William Graham Sumner, for instance, in Folkways (1906), holds that collective life, necessary for individual survival, requires the preservation of efficacious experience, stored in and communicated as custom. Custom is the collective form of individual habit. Folkways are produced, according to Sumner, in the frequent repetition of petty acts. Folkways are accepted because of the conviction that they are conducive to societal welfare and can therefore be defined as systems of persisting expedient customary behavior. Sumner says that, within a group, folkways are uniform, universal, imperative, and invariable; over time they become increasingly arbitrary. Socially formed and selected inferences derived from folkways, Sumner calls mores. Mores consist largely but not exclusively of taboos (see sacred and profane dichotomy), things that should not be done. A characteristic of mores, as coercive ethical principles, is the likelihood that they will contain an explicit rationalization or reason for adherence to them, for example don't eat pork because pigs are unclean. Sumner's approach was related to Social Darwinism. Believing that social change is achieved through the evolution of folkways and the development of folkways into mores is no longer in vogue.

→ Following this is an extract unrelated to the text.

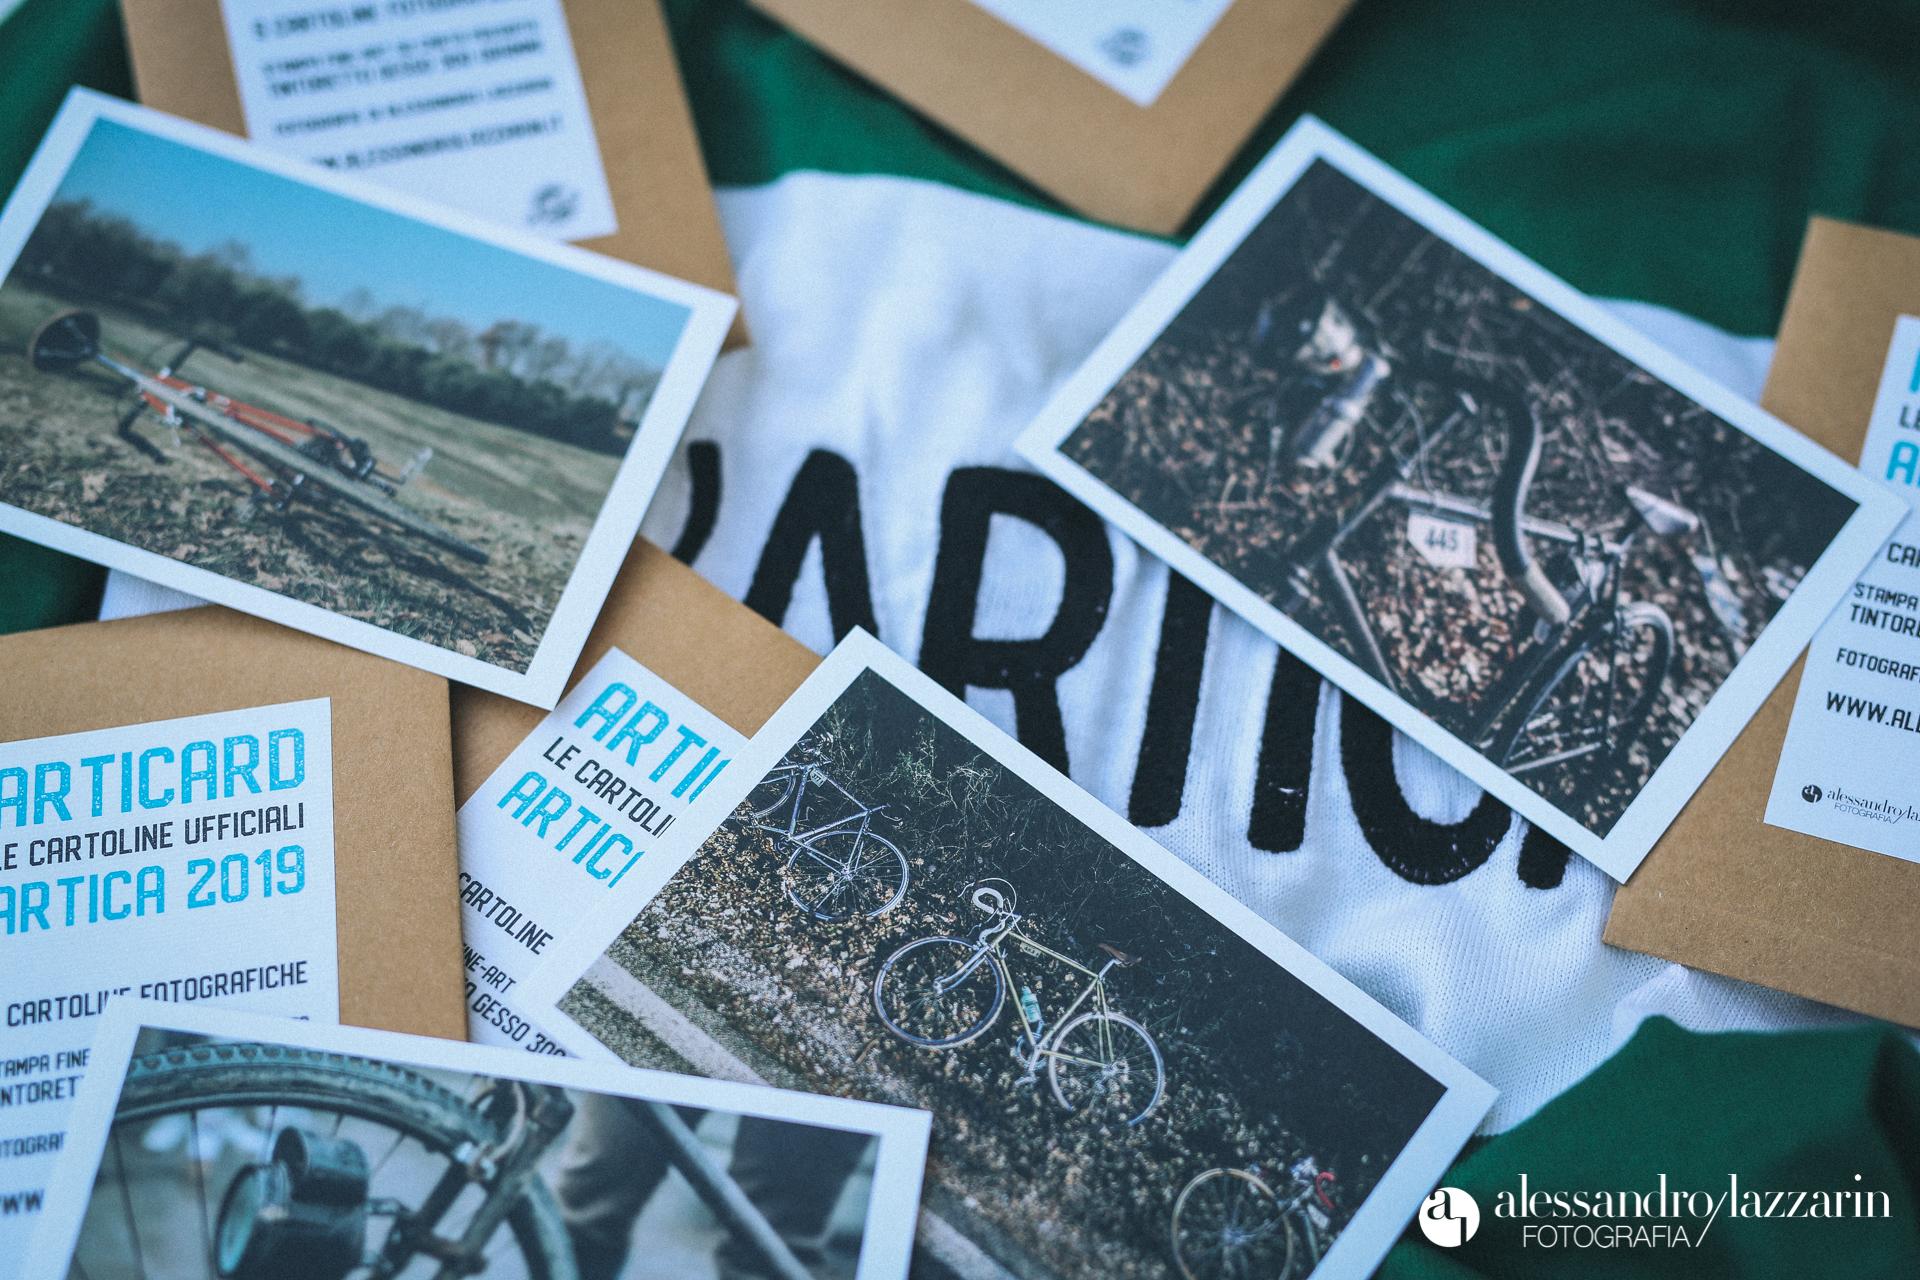 alessandro lazzarin, fotografo, artica 2019, lonigo, biciclette vintage, gara sportiva

Talcott Parsons argues that, through social interaction, persons are able to communicate because signs and symbols acquire common meaning. By virtue of a shared meaning system there arises a mutuality of expectations and sanctions that constitutes what Parsons calls a normative order in The Social System (1951). Thus norms operate through internalization of a standard of group expectations and are maintained by the reactions of others, both positive and negative. These reactions are sanctions that reward conformity to role expectations and punish departure from expectation such as deviance. For Parsons, the institutionalization of both expectation and sanction constitutive of norms is achieved in varying degrees. Anomie occurs in the absence of institutionalization. Norms therefore are not to be located at the level of individual social actor but necessarily function in the institutionalized activity of a plurality of social actors.

While the notion of norm can adequately describe the habitual institutional patterns of a society, explanations of societal processes in terms of norms risks accounting for regularities of social action in terms of expectations. In fact, interaction in groups or societies may result from a number of possible factors, of which norms are only one. One alternative approach to explanation of social process points not to the system of norms, but to power relations and the balance of power that is the outcome of social conflict between groups. Exponents of this approach include Ralph Dahrendorf in Class and Class Conflict in Industrial Society (1959) and John Rex in Key Problems of Sociological Theory (1961). David Lockwood's Solidarity and Schism (1992) developed a sophisticated critique of the normative approach that avoids the problems of conflict theory.